** MATERIAL PROVIDED **

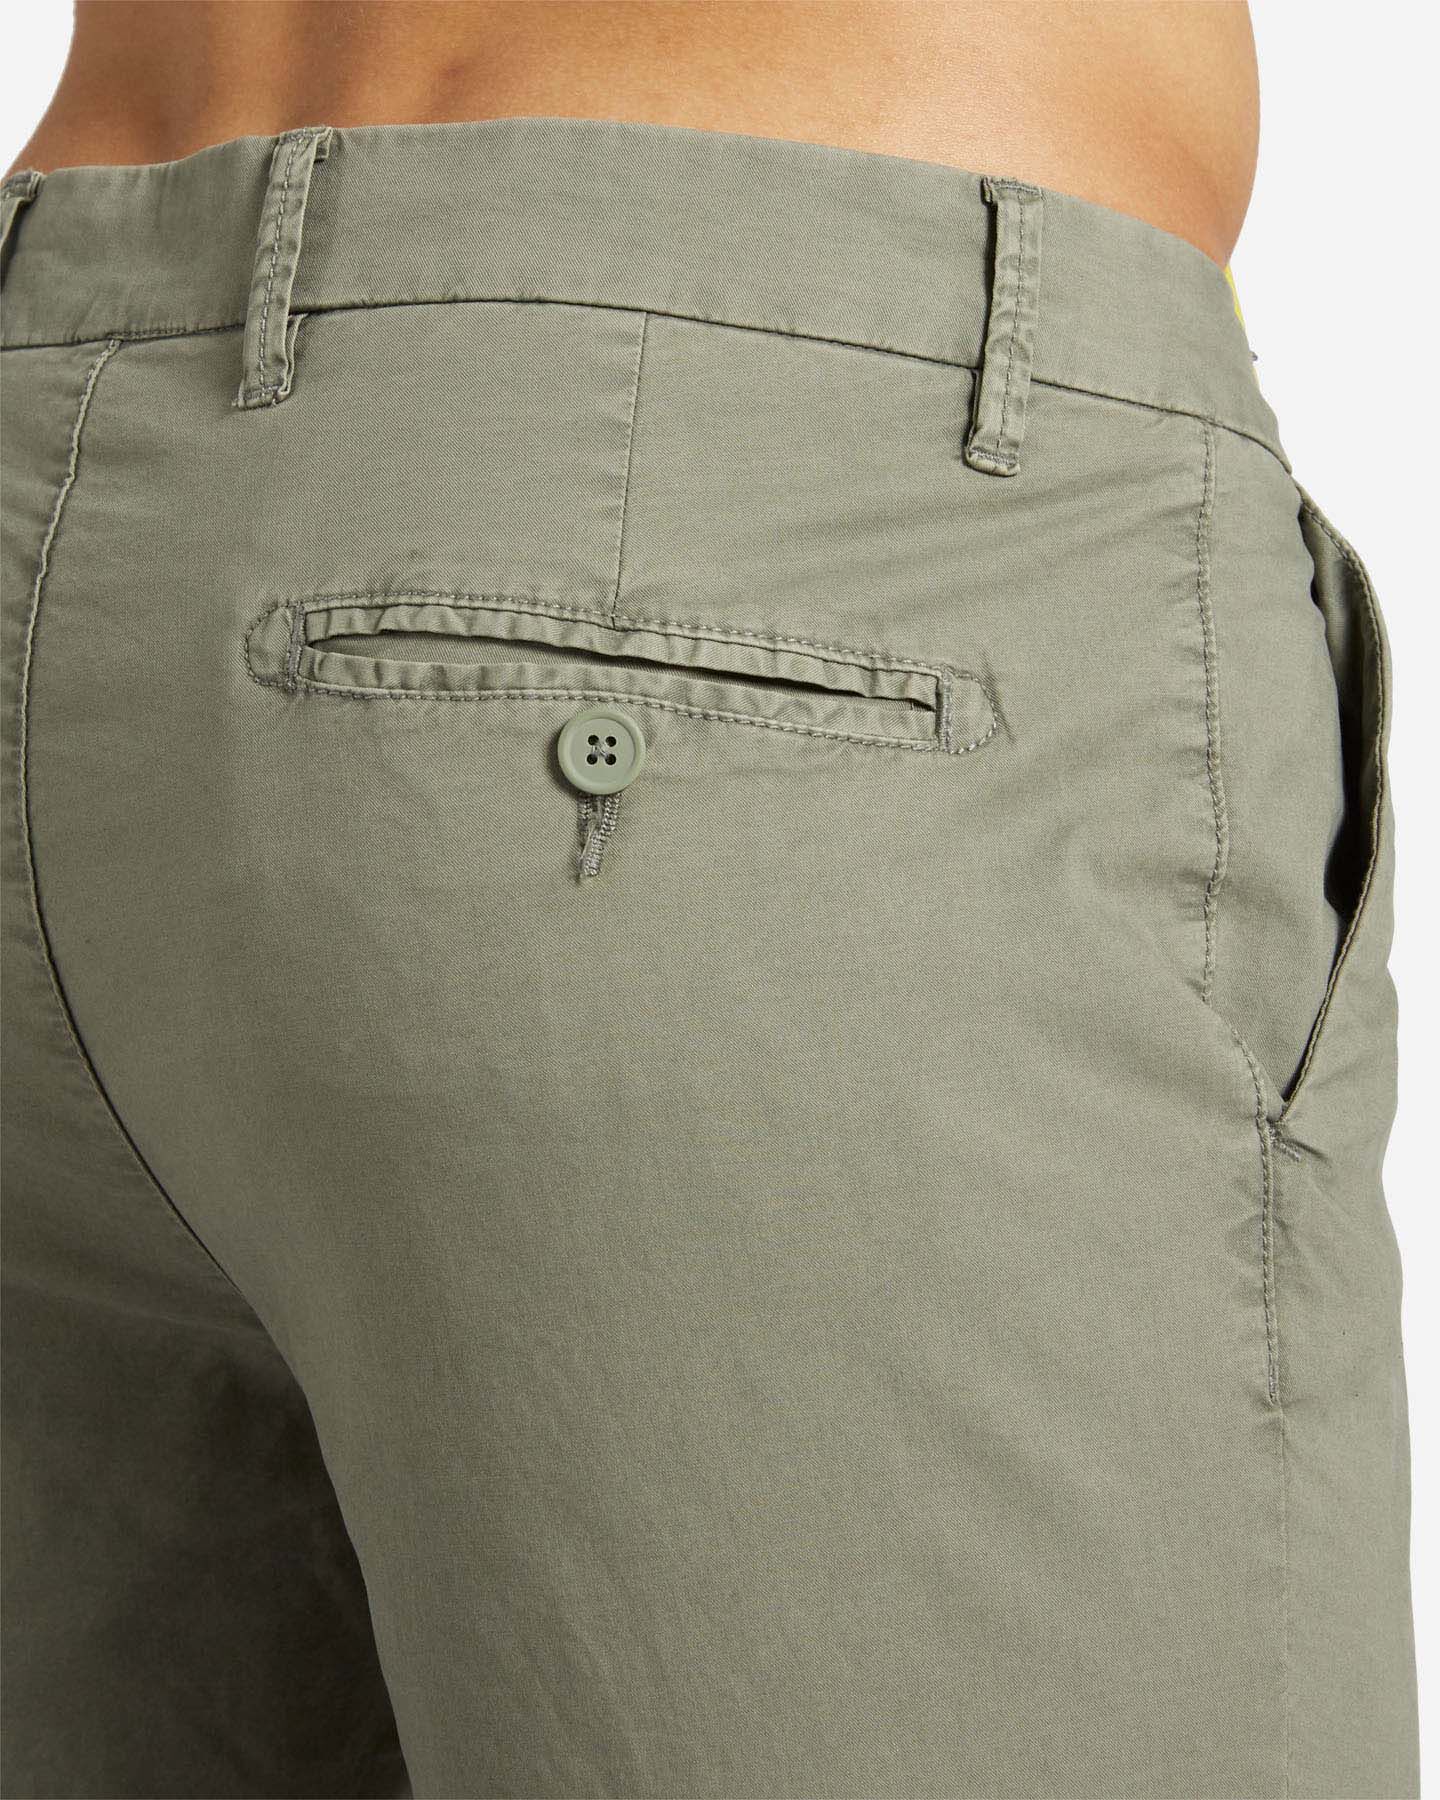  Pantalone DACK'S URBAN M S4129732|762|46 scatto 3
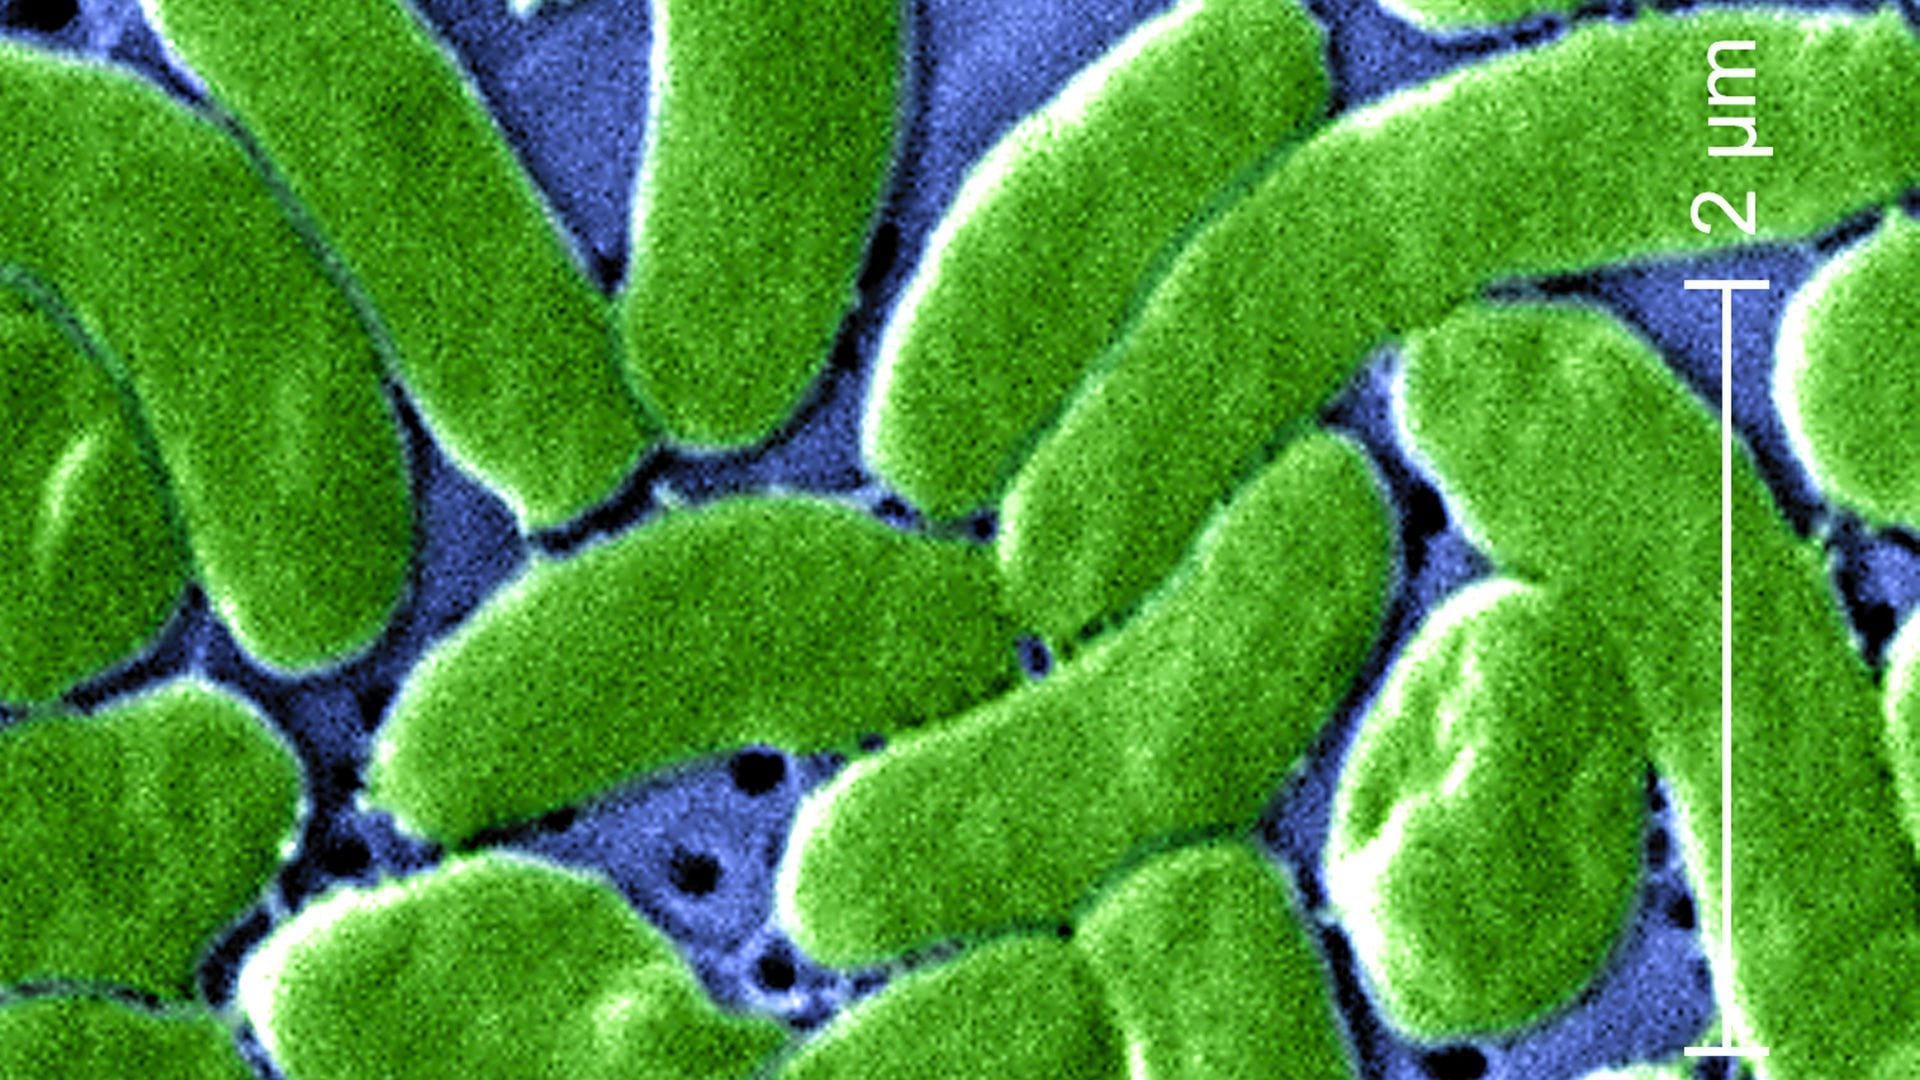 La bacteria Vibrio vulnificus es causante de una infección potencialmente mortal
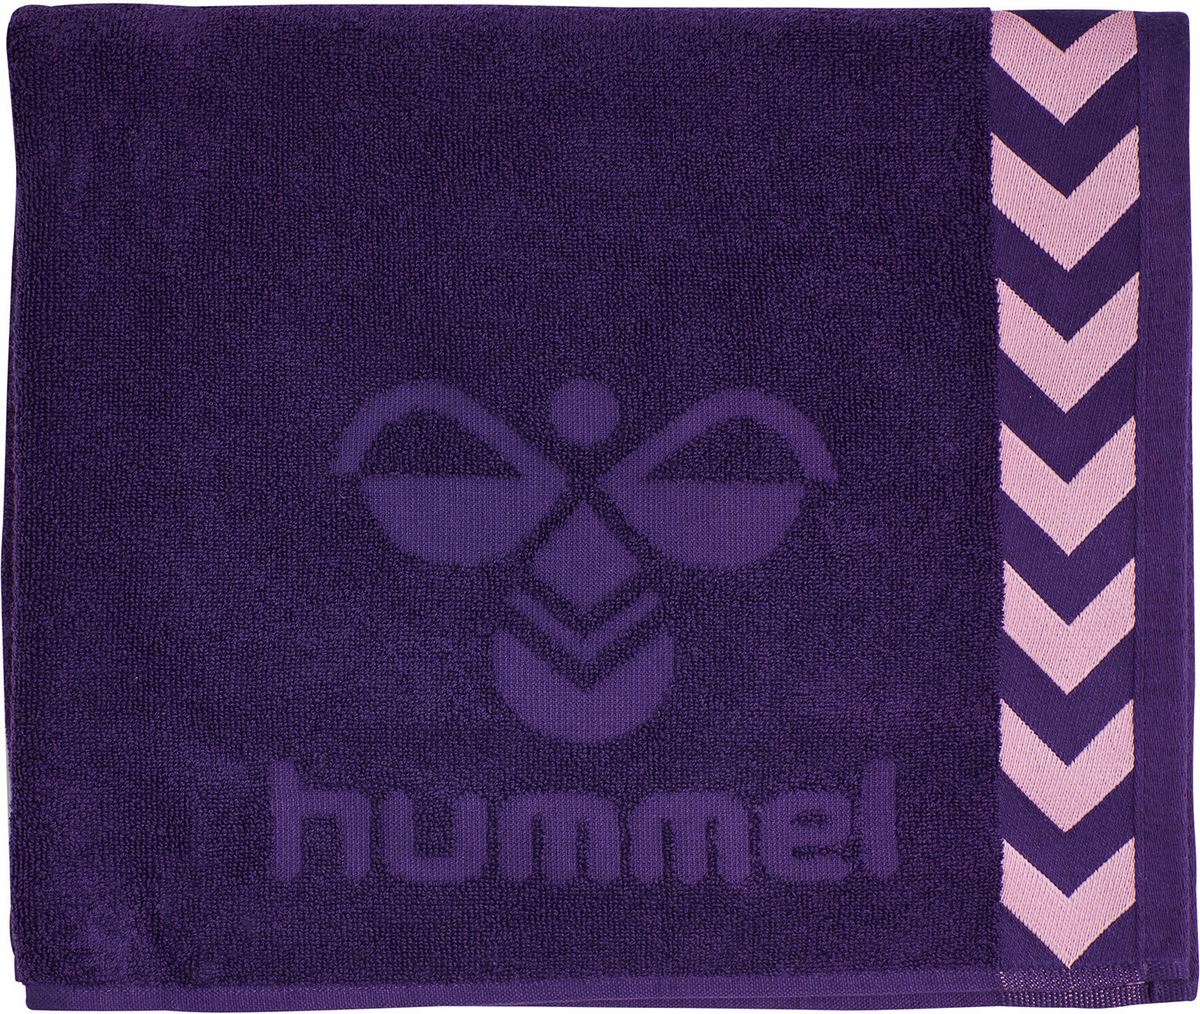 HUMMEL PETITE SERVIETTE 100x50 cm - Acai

** WHAT TO WORK ON **
Everything in the listing, except its images, should be set down exactly.

** RESPONSE BELOW **
  Pantalone DACK'S URBAN M S4129732|762|46 scatto 3
 La bacteria Vibrio vulnificus es causante de una infección potencialmente mortal
 HUMMEL PETITE SERVIETTE 100x50 cm - Acai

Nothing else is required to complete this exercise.